The study still has many limitations. For example, it is a single-centre study with a small sample size that may have resulted in certain inaccuracy. However, the gold standard, liver biopsy, can contain certain errors due to limited sampling and operator differences. In addition, patients with chronic liver diseases other than CHB and autoimmune liver disease may not be classified and evaluated for the accuracy of FibroTouch due to the limited samples. Some clinical studies have demonstrated that BMI (≥ 28 kg/m2) has an effect on the diagnostic value of FibroTouch [14], but it was less still than that on FibroScan. However, this study showed that BMI had no effect on LSM. This result may be caused by the small sample size, especially the shortage of patients with NAFLD. We will involve more patients to clarify the diagnostic value in the above conditions in the future.

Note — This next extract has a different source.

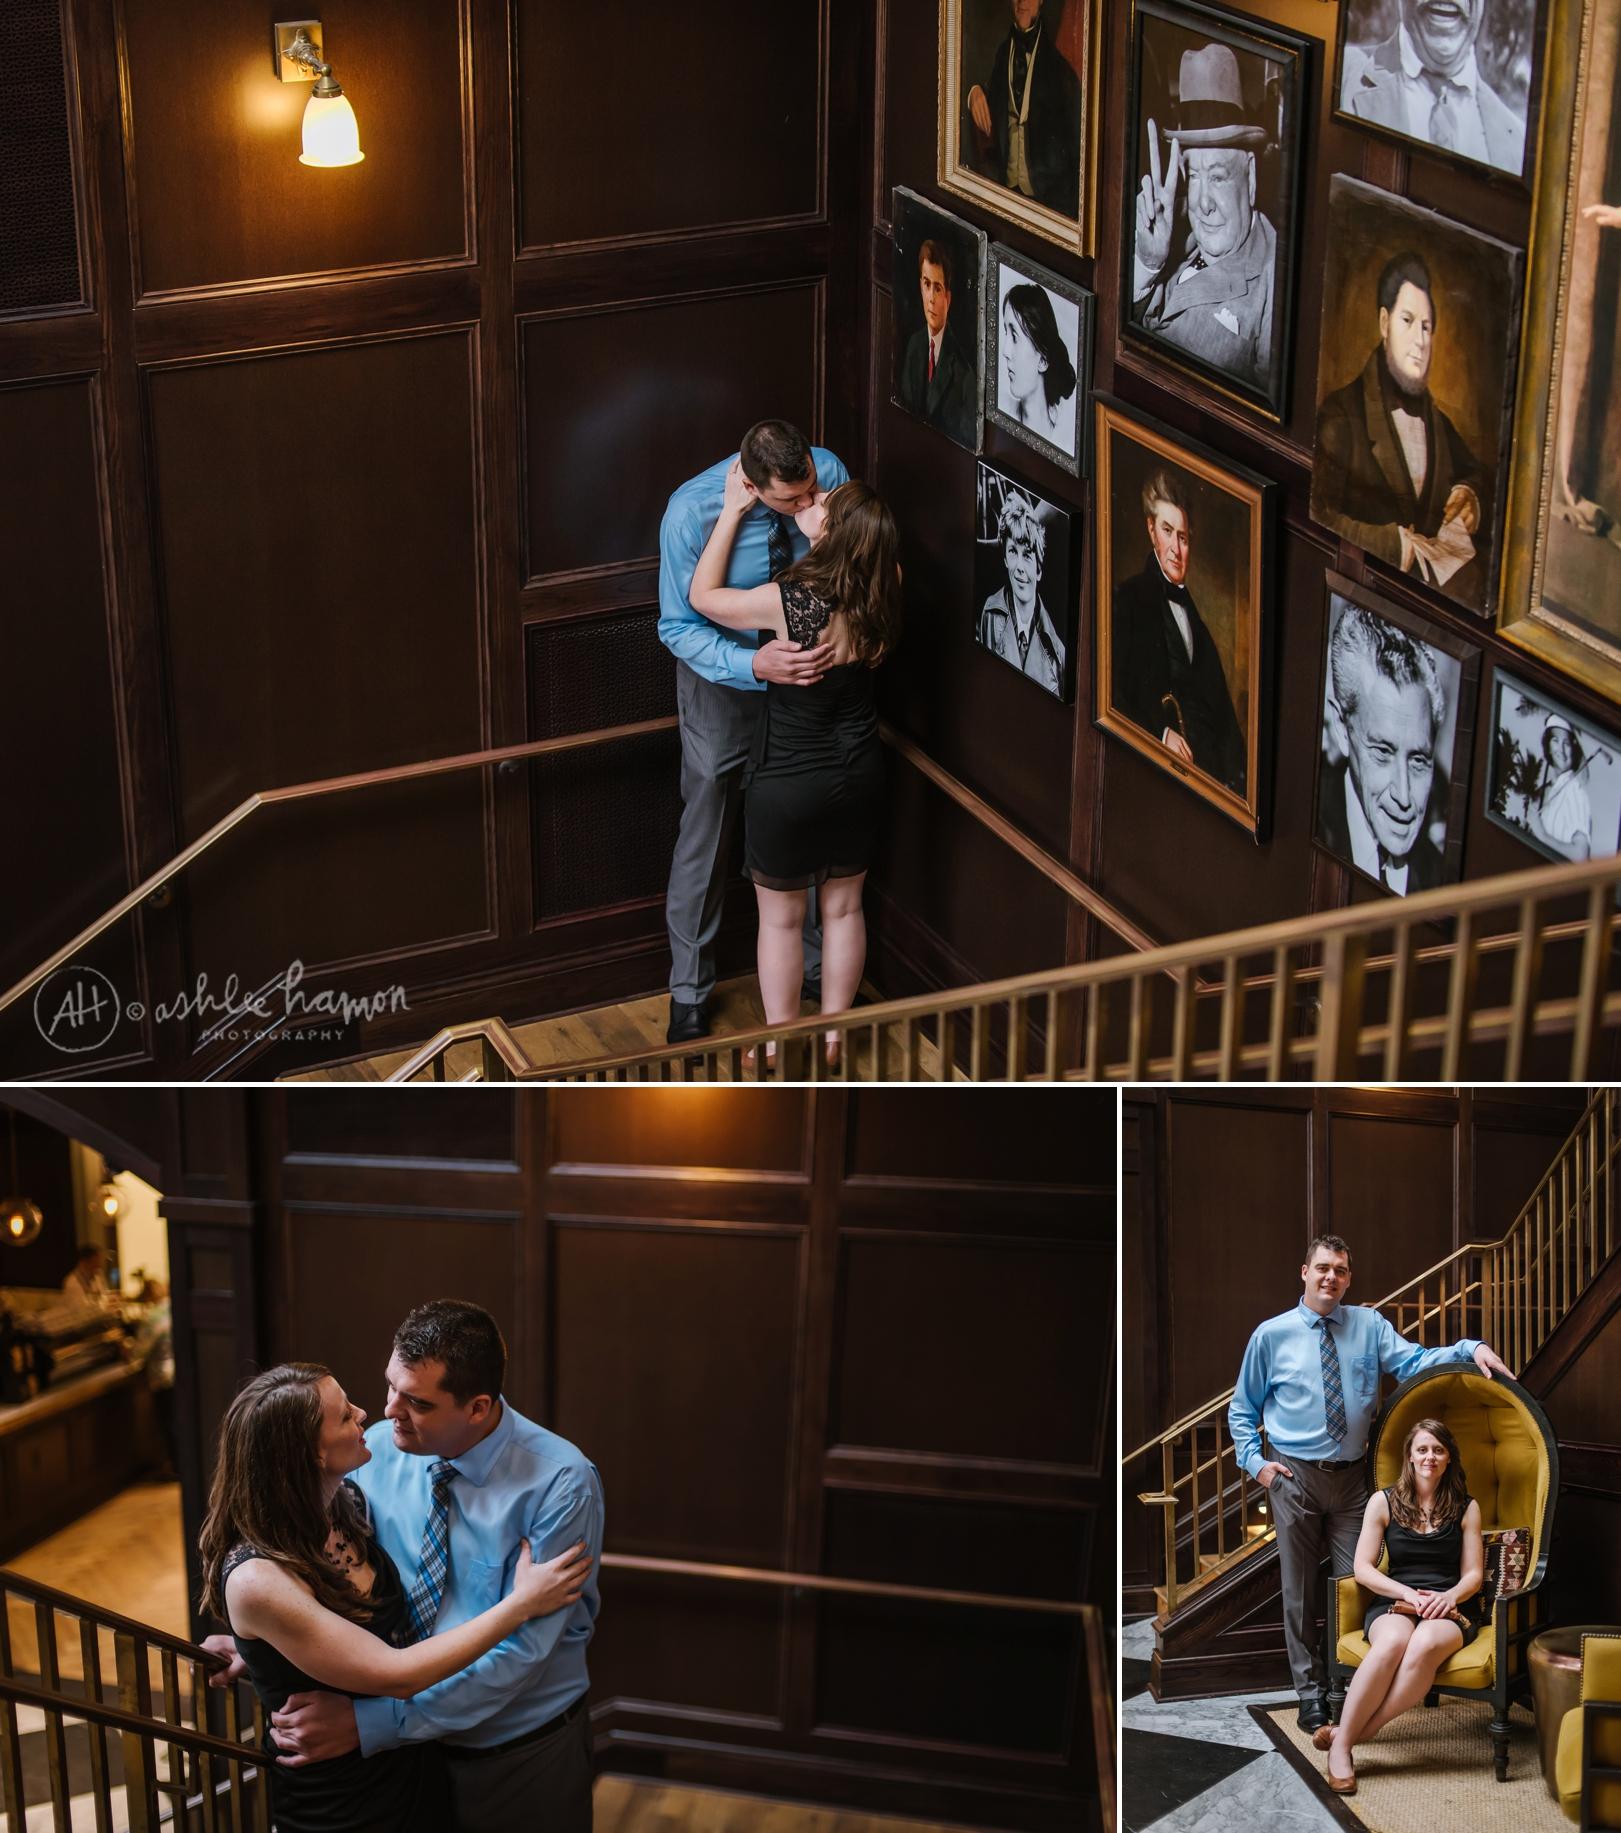 tampa-engagement-photographer-oxford-exchange_0005.jpg

In summary, FibroTouch is a novel transient elastography technology. FibroTouch and FibroScan have good consistency in the evaluation of the degree of liver fibrosis, but the success ratio was significantly higher and the measurement duration was significantly shorter with FibroTouch than with FibroScan [14, 15]. FibroTouch was also significantly better than other non-invasive fibrosis indexes of liver fibrosis, namely FIB-4, APRI, and GPRI, based on our data. FibroTouch should thus be highly recommended for use.